Capital is important to banks, as is preserving liquidity. But a bank must avoid simply following regulatory requirements. Investors and counter-parties have their views, and they are the ones who must be kept on-side if you want to stay independent. This takes a good strategy, clear execution and real risk management. If a bank focuses its risk approach only on the regulators and regulatory capital, important though these are, it will crash land somewhere, sometime, with a bump. The same is true for strategy and execution.
Crypto repricing and instability from stable coins and pricing mechanisms
So there's now a whole financial ecosystem out there. You either know a little about it, a lot about it, or it weirds you out.
It will change the financial world. It has assets with unclear valuations. It is inventing new products related to the ones we developed in the 90s and 2000s, created in roughly equivalent forms back into history.

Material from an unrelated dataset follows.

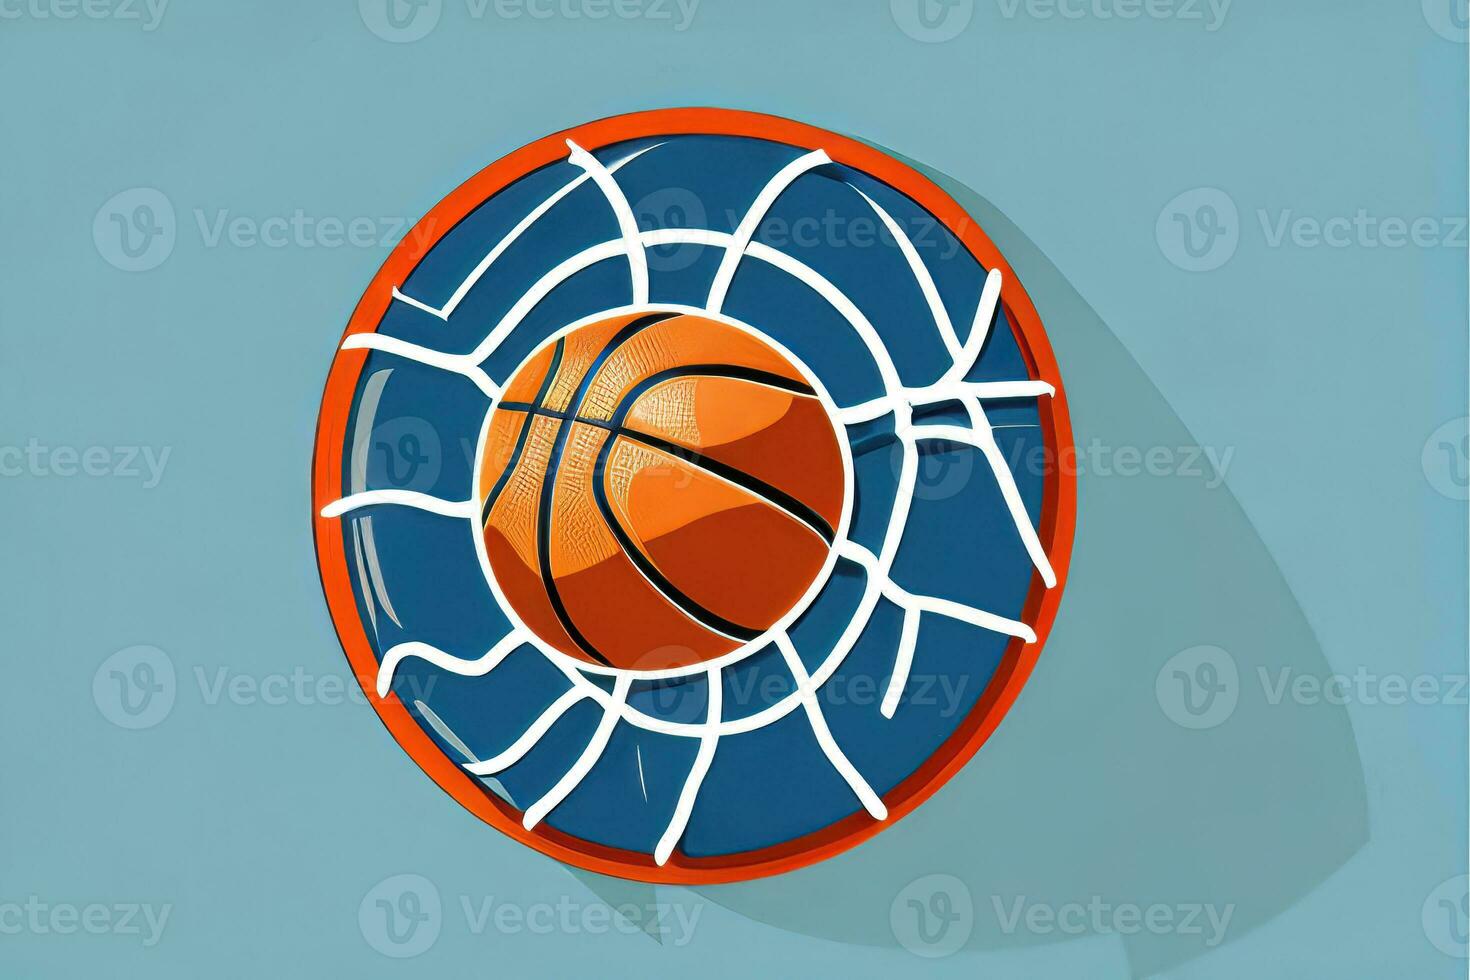 el Arte de atletismo - resumen baloncesto ilustración foto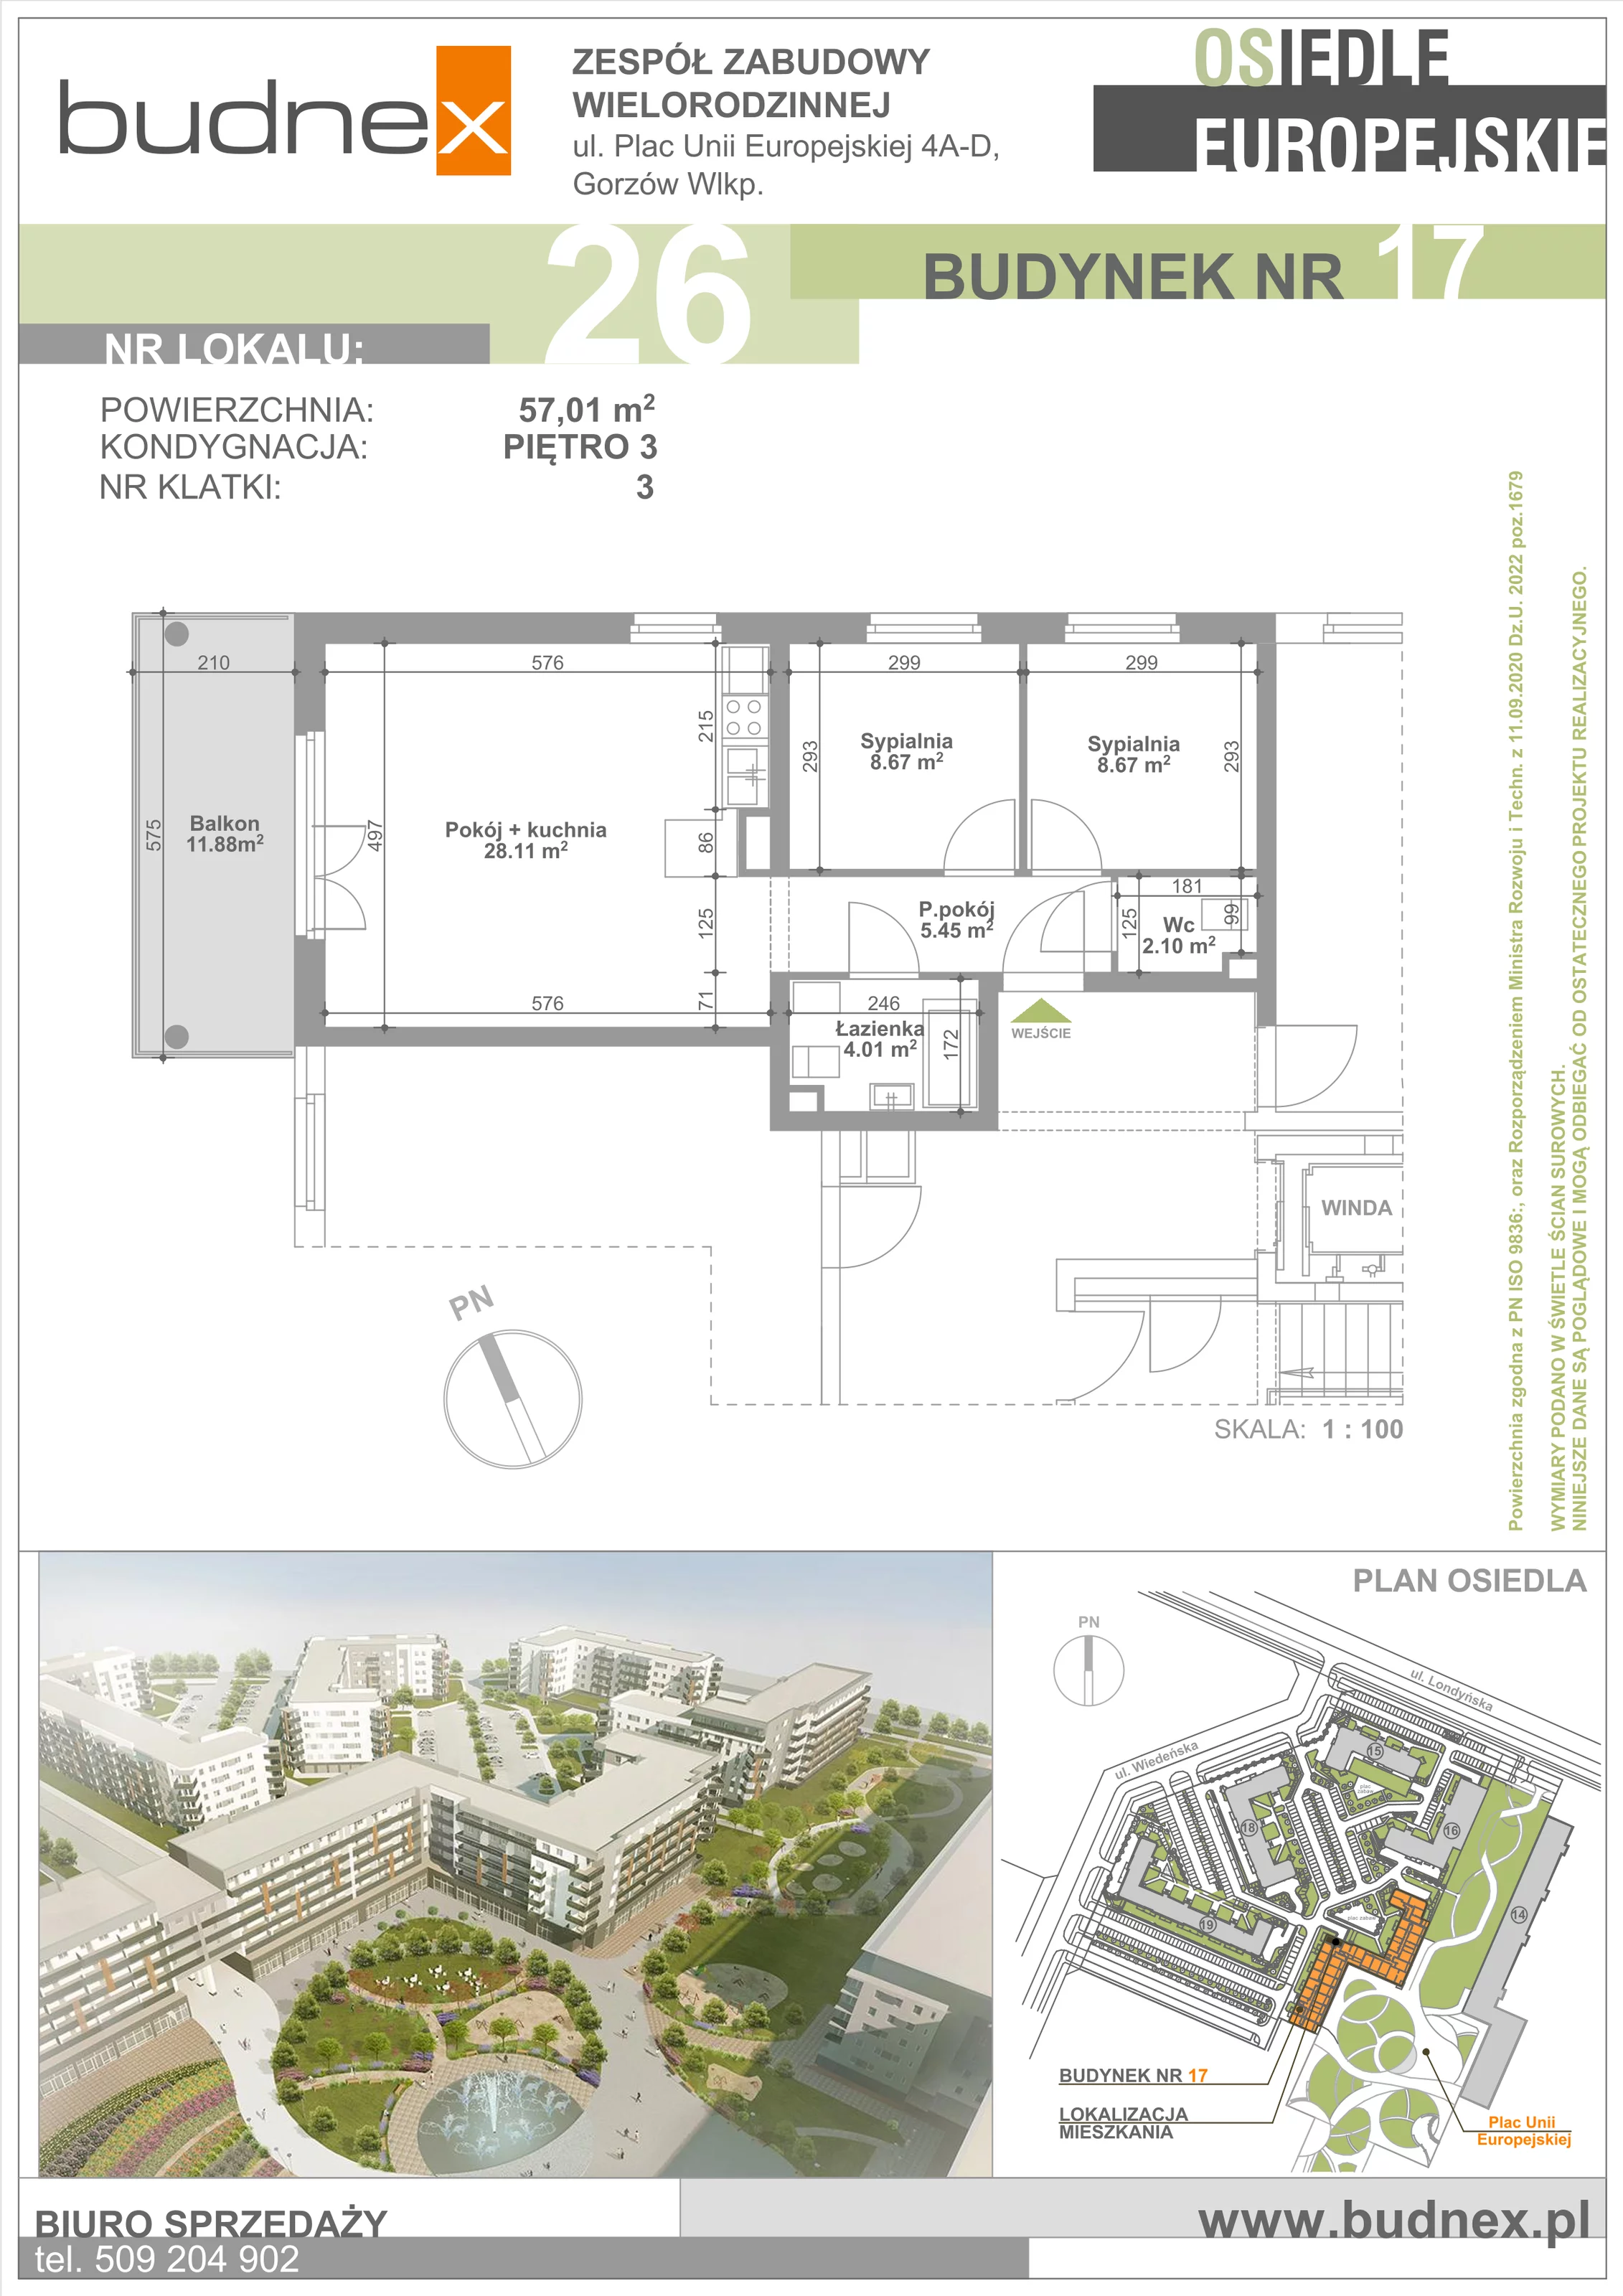 Mieszkanie 57,01 m², piętro 3, oferta nr 3/M26, Osiedle Europejskie - Budynek 17, Gorzów Wielkopolski, Plac Unii Europejskiej 4A-D

But this world will continue to discover why the TradFi dinosaurs are as they are via costly failures, market interruptions and crashes.
Great fun, though. Stay active, informed and be involved. But follow granny's advice on eggs.
FTX
See above. Hollow laughs from old CRO types – never take specific wrong-way risk. And never gear it. Ever. Not to mention any other woes.
Climate change
Start worrying a lot. And invest more time and treasure to learn about it.